Recorded data.
══════════════════════════════
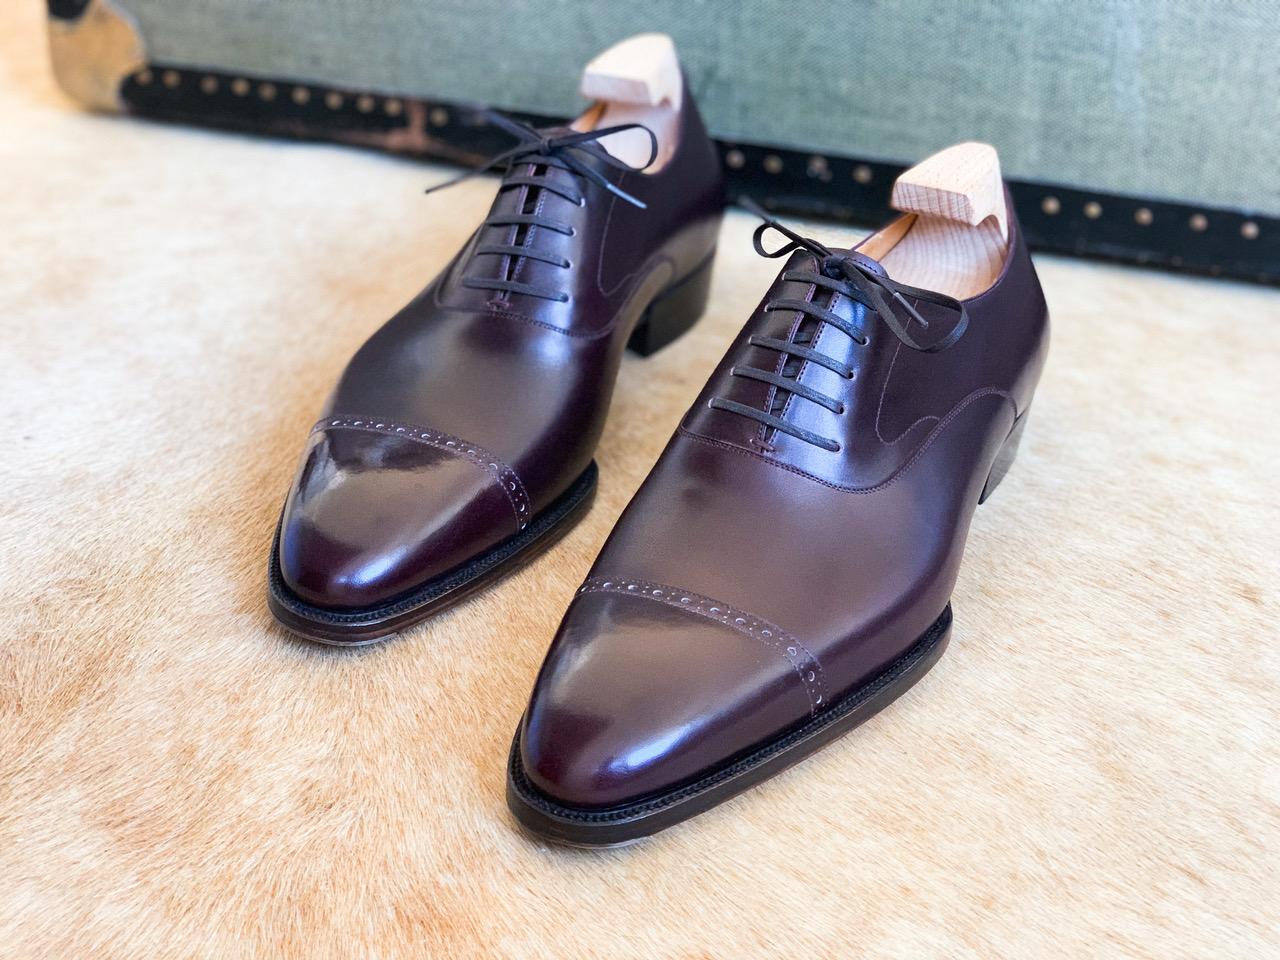 Wayman Bespoke Quality Shoes
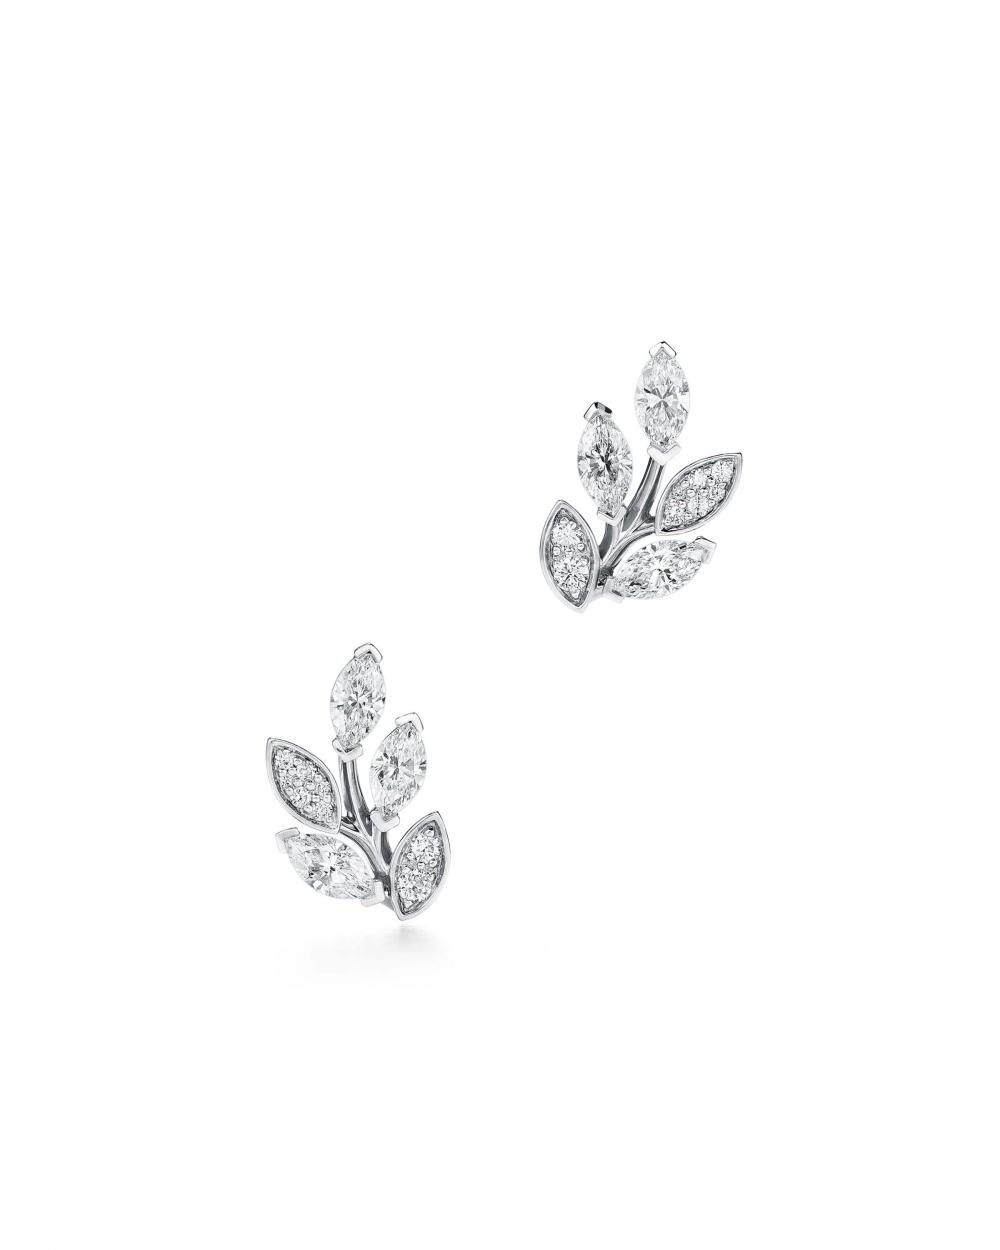 4. Tiffany Victoria® diamond vine climber earrings in platinum with diamonds_HKD 93,000
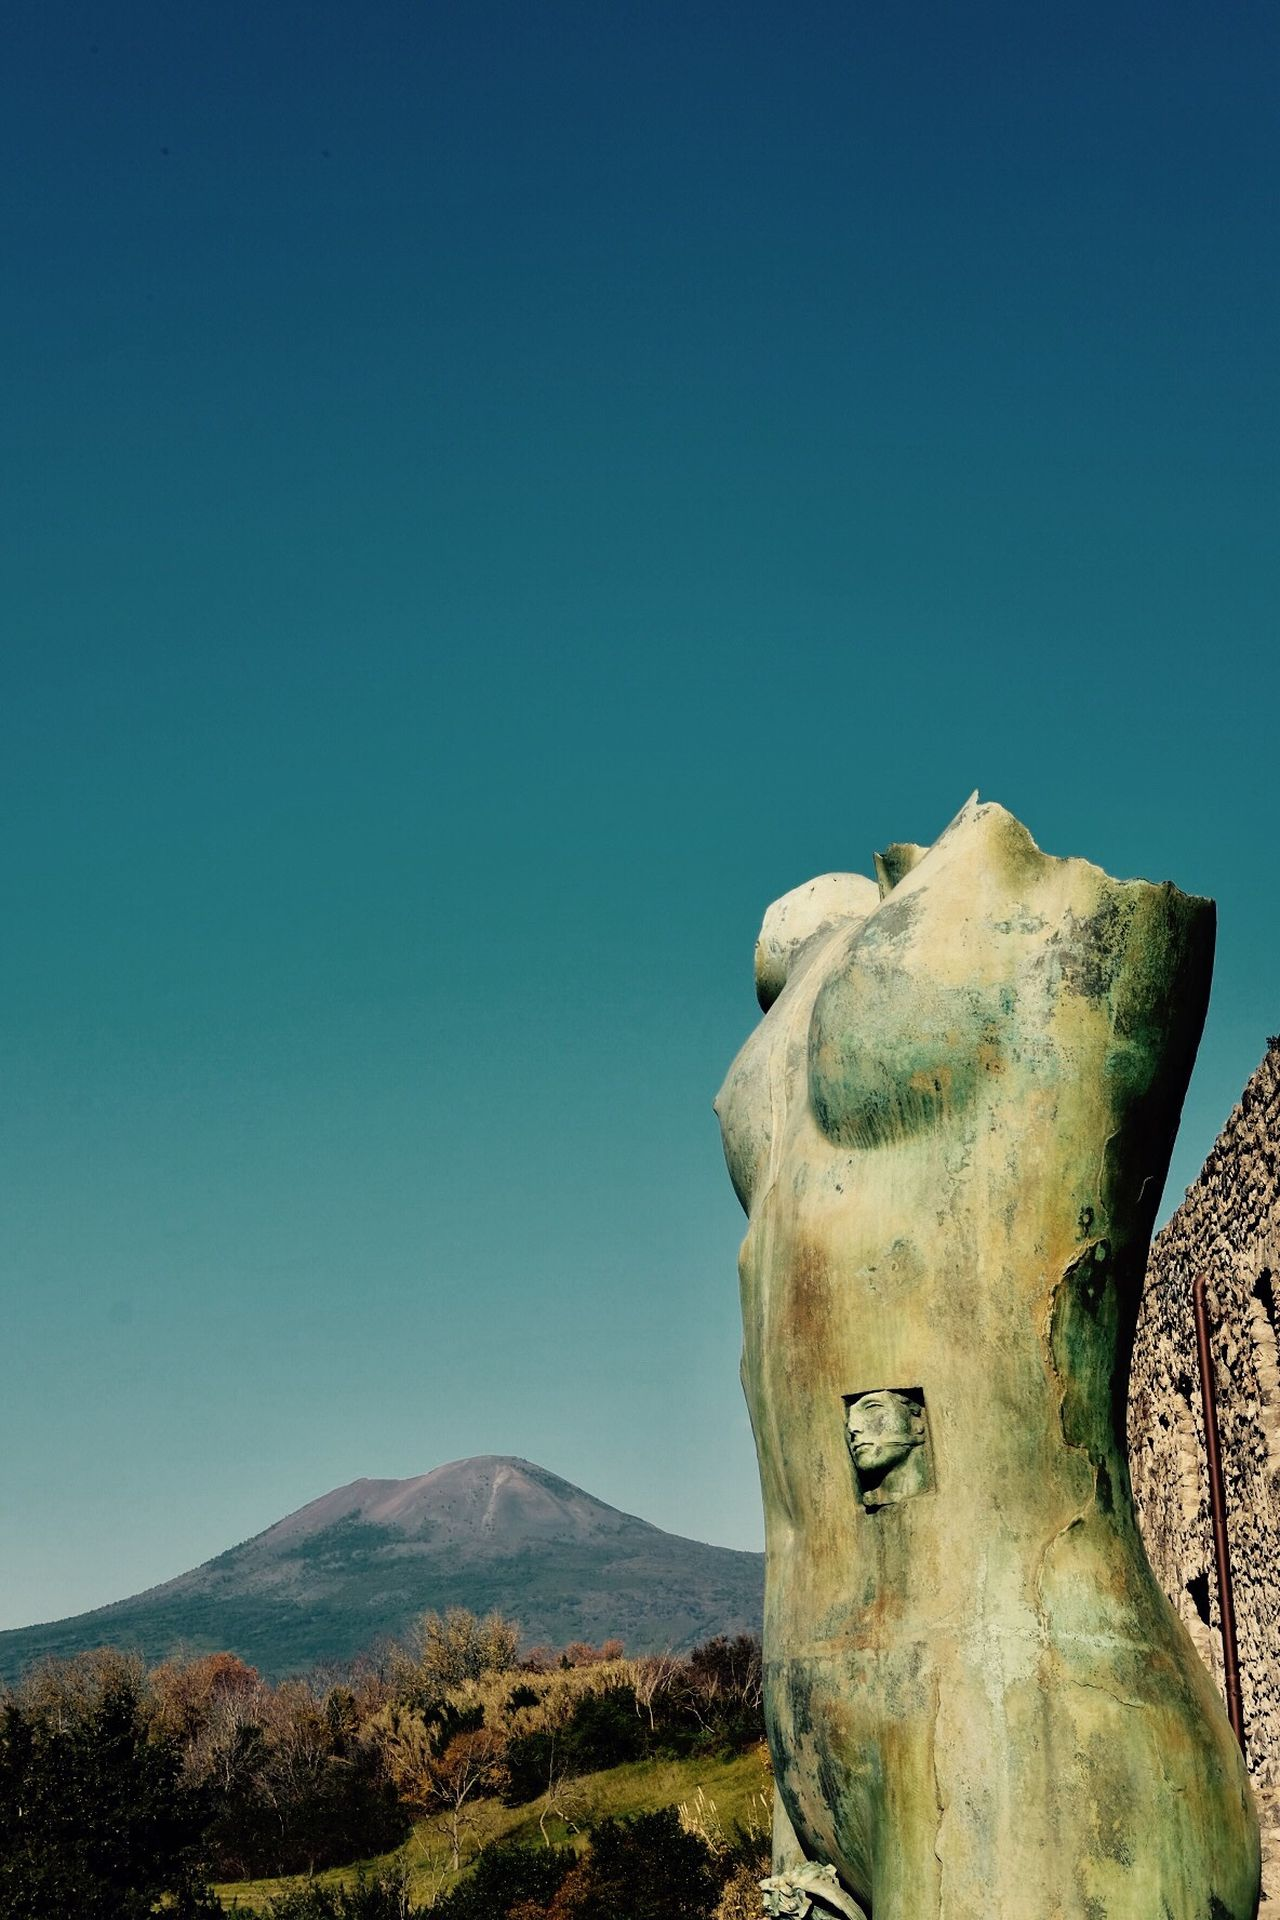 Igor Mitorj at Pompeii nNo PeoplemMountainsScenicssStatuenNatureoOutdoorsdDaysSculpturesSkyTTheMinimals (less Edit Juxt Photography)NNotes From BabylonWWalking AroundFFine Art PhotographyTTaking PhotossShootermag tTravel Destinations
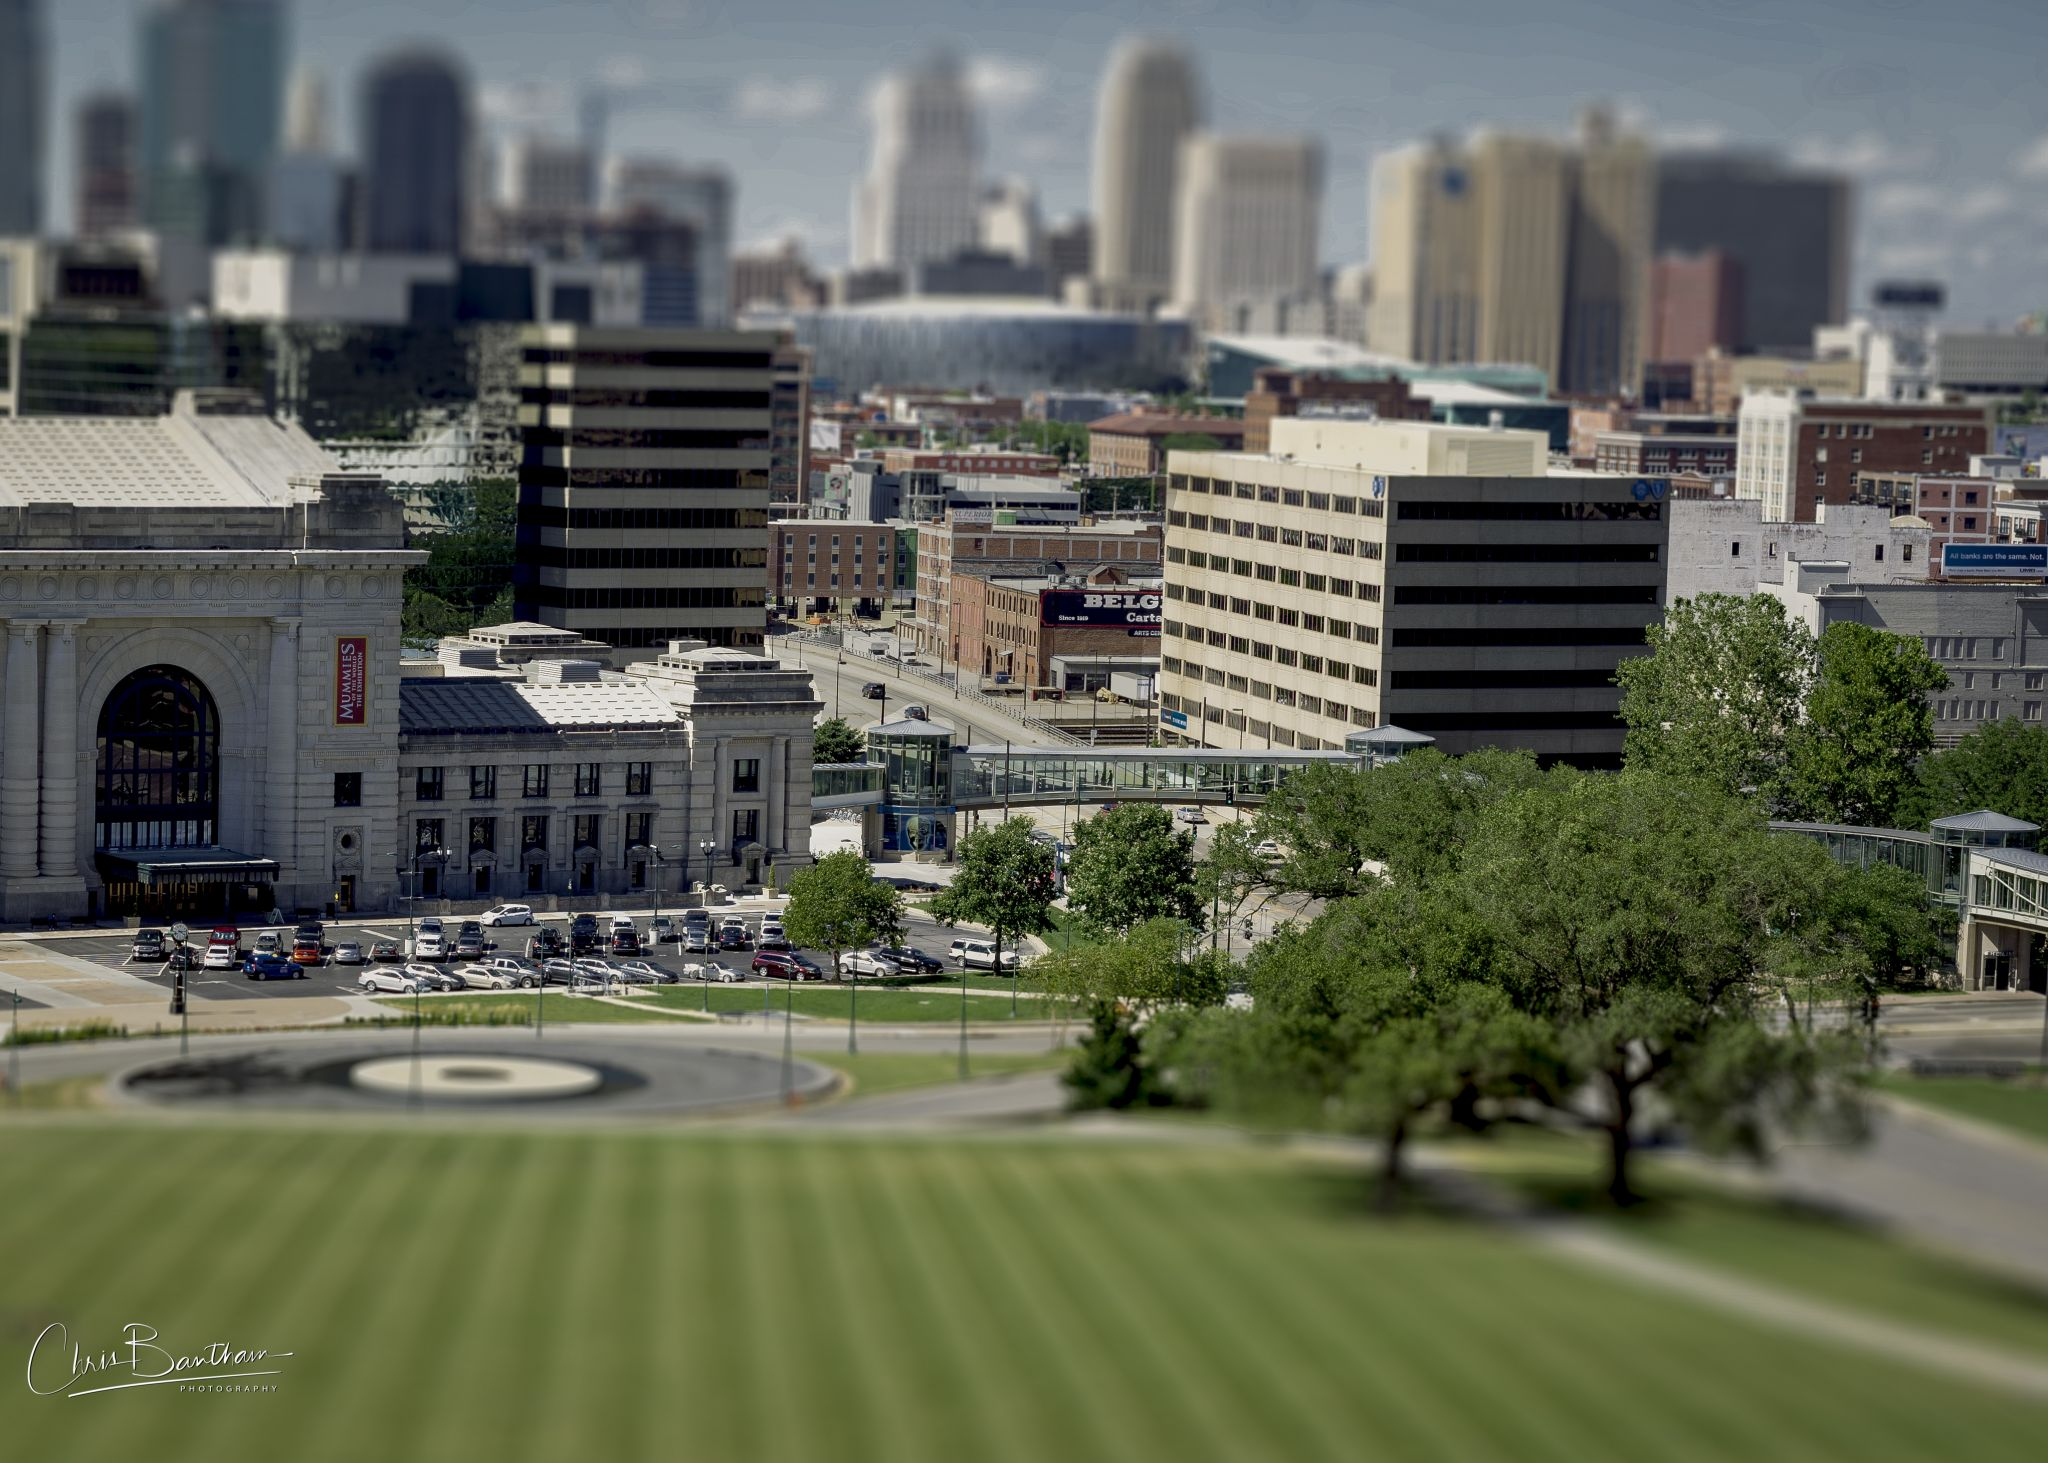 View of Kansas City Union Station, USA
══════════════════════════════
Work task.
Omit pictures and output the listing exactly.

Exercise answer.
 Wayman Bespoke Quality Shoes
 4. Tiffany Victoria® diamond vine climber earrings in platinum with diamonds_HKD 93,000
 Igor Mitorj at Pompeii nNo PeoplemMountainsScenicssStatuenNatureoOutdoorsdDaysSculpturesSkyTTheMinimals (less Edit Juxt Photography)NNotes From BabylonWWalking AroundFFine Art PhotographyTTaking PhotossShootermag tTravel Destinations
 View of Kansas City Union Station, USA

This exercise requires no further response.